In terms of policy, "new energy" is defined here as "forms of energy needed to replace oil, that are reaching the commercialization phase from a technological standpoint, but have not yet become widely used due to economic factors." This definition excludes hydro power, which is already in commercial operation, and wave power generation, which is still in the research and development phase, although both are natural or renewable energy sources.

In 1994, the Japanese government formulated the Basic Guideline for New Energy Introduction as a cabinet decision.
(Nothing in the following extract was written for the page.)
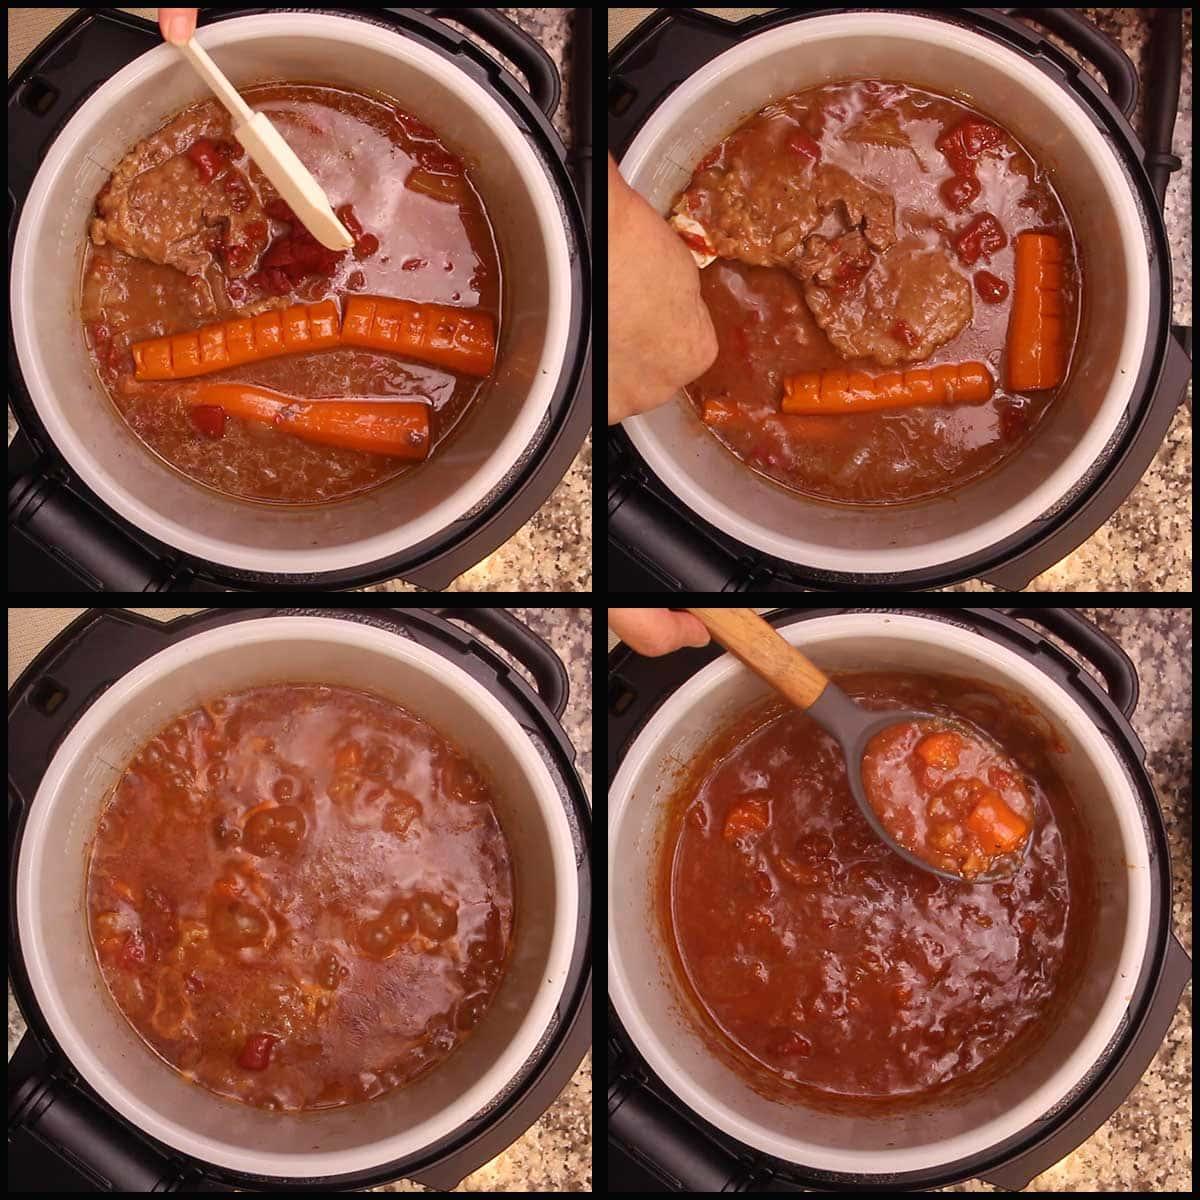 Thickening the tomato gravy for swiss steak

This guideline, revised in 2001, provides concrete measures to promote these forms of energy and numerical targets for their introduction by 2010. The table below shows these targets.

Numerical Targets for the Introduction of "New Energy"

FY 2000FY 2010
Photovoltaic Power Generation0.4 million kW4.82 million kW
Solar Thermal Utilization0.98 million kl4.39 million kl
Wind Power Generation0.02 million kW3 million kW
Biomass Energy0.08 million kW0.33 million kW
Fuel Cell0.02 million kW2.2 million kW
Waste Incineration Power Generation2 million kW4.17 million kW
Clean Energy Vehicles0.04 million vehicles3.48 million vehicles
Untapped Energy and Cogeneration0.27 million kl0.72 million kl
Cogeneration4.63 million kW10.02 million kW

Professor Izumi Ushiyama of the Ashikaga Institute of Technology explains the current situation of renewable energy in Japan below.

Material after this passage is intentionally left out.